→ Records to process:
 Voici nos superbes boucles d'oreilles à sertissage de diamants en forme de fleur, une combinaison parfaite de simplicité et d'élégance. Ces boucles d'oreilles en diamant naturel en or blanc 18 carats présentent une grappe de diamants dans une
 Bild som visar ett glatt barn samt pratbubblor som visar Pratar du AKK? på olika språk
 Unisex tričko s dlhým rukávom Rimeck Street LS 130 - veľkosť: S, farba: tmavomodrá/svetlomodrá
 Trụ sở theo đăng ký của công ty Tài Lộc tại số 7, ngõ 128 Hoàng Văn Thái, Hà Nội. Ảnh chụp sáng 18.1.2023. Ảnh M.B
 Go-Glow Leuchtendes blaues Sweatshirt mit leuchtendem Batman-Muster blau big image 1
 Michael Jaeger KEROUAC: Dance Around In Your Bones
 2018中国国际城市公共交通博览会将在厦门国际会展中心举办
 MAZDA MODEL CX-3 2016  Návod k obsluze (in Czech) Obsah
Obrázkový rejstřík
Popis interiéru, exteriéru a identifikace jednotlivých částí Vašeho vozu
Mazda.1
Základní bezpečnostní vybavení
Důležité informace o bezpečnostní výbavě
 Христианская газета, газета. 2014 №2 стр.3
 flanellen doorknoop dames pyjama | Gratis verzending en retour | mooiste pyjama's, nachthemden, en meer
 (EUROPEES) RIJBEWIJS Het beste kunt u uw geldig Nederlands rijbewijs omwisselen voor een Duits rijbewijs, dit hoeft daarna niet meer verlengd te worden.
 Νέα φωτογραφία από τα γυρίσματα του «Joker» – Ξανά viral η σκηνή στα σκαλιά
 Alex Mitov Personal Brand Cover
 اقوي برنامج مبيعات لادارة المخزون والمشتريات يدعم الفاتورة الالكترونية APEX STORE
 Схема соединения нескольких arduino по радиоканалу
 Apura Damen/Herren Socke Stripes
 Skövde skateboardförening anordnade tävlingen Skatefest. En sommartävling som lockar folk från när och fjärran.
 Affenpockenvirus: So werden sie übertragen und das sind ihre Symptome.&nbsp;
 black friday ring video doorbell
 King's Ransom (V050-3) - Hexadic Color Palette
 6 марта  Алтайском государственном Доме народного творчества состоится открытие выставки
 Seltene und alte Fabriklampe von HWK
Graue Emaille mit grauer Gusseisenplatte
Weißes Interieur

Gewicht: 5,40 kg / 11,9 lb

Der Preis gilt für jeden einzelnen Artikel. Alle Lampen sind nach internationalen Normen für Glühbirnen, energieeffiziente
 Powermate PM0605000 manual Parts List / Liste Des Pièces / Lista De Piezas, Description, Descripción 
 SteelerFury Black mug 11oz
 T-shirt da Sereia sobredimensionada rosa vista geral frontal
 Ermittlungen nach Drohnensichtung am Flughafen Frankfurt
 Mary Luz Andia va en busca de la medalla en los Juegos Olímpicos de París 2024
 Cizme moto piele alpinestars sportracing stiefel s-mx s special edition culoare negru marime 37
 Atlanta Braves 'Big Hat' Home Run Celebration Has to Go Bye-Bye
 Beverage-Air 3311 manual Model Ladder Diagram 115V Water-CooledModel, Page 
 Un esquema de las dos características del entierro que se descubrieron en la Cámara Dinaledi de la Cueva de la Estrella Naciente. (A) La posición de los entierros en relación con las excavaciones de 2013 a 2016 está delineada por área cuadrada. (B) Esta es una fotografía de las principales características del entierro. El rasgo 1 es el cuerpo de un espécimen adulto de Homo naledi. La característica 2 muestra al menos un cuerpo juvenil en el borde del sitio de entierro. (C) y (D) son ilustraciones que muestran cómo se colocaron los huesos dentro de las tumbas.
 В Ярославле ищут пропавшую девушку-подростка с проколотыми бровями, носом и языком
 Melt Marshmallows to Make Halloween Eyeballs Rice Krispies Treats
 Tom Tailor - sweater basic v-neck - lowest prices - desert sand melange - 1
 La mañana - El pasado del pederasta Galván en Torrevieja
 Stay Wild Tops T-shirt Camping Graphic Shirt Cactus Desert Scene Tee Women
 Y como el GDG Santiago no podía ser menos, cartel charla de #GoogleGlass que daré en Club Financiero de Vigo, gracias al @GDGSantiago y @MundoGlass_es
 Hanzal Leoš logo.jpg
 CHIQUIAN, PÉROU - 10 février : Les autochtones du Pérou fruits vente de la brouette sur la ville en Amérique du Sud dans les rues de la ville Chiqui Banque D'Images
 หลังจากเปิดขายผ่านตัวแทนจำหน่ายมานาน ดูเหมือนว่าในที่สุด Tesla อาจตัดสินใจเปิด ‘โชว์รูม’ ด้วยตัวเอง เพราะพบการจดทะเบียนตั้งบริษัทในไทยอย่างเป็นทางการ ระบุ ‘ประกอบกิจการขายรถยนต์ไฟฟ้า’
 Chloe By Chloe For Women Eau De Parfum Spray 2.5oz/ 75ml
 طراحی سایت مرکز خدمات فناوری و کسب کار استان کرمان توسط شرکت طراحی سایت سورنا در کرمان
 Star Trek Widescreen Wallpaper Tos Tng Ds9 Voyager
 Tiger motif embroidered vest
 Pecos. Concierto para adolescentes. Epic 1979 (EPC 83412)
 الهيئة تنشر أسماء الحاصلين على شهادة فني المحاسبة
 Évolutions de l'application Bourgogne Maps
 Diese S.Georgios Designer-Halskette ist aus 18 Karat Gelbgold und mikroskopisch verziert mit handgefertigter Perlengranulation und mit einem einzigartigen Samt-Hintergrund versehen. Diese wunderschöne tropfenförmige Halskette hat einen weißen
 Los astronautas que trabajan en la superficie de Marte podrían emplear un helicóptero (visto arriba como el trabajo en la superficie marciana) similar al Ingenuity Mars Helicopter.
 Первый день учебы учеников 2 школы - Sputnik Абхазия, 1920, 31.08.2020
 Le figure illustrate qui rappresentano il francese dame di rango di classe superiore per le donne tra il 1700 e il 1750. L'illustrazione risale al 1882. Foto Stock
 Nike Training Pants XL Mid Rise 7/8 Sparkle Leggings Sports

→ What you should do: Using only the entries above, output the line with "CHIQUIAN, PÉROU - 10", the line with "Star Trek Widescreen", and all lines between them, exactly as they stand.

→ Response for this exercise:
 CHIQUIAN, PÉROU - 10 février : Les autochtones du Pérou fruits vente de la brouette sur la ville en Amérique du Sud dans les rues de la ville Chiqui Banque D'Images
 หลังจากเปิดขายผ่านตัวแทนจำหน่ายมานาน ดูเหมือนว่าในที่สุด Tesla อาจตัดสินใจเปิด ‘โชว์รูม’ ด้วยตัวเอง เพราะพบการจดทะเบียนตั้งบริษัทในไทยอย่างเป็นทางการ ระบุ ‘ประกอบกิจการขายรถยนต์ไฟฟ้า’
 Chloe By Chloe For Women Eau De Parfum Spray 2.5oz/ 75ml
 طراحی سایت مرکز خدمات فناوری و کسب کار استان کرمان توسط شرکت طراحی سایت سورنا در کرمان
 Star Trek Widescreen Wallpaper Tos Tng Ds9 Voyager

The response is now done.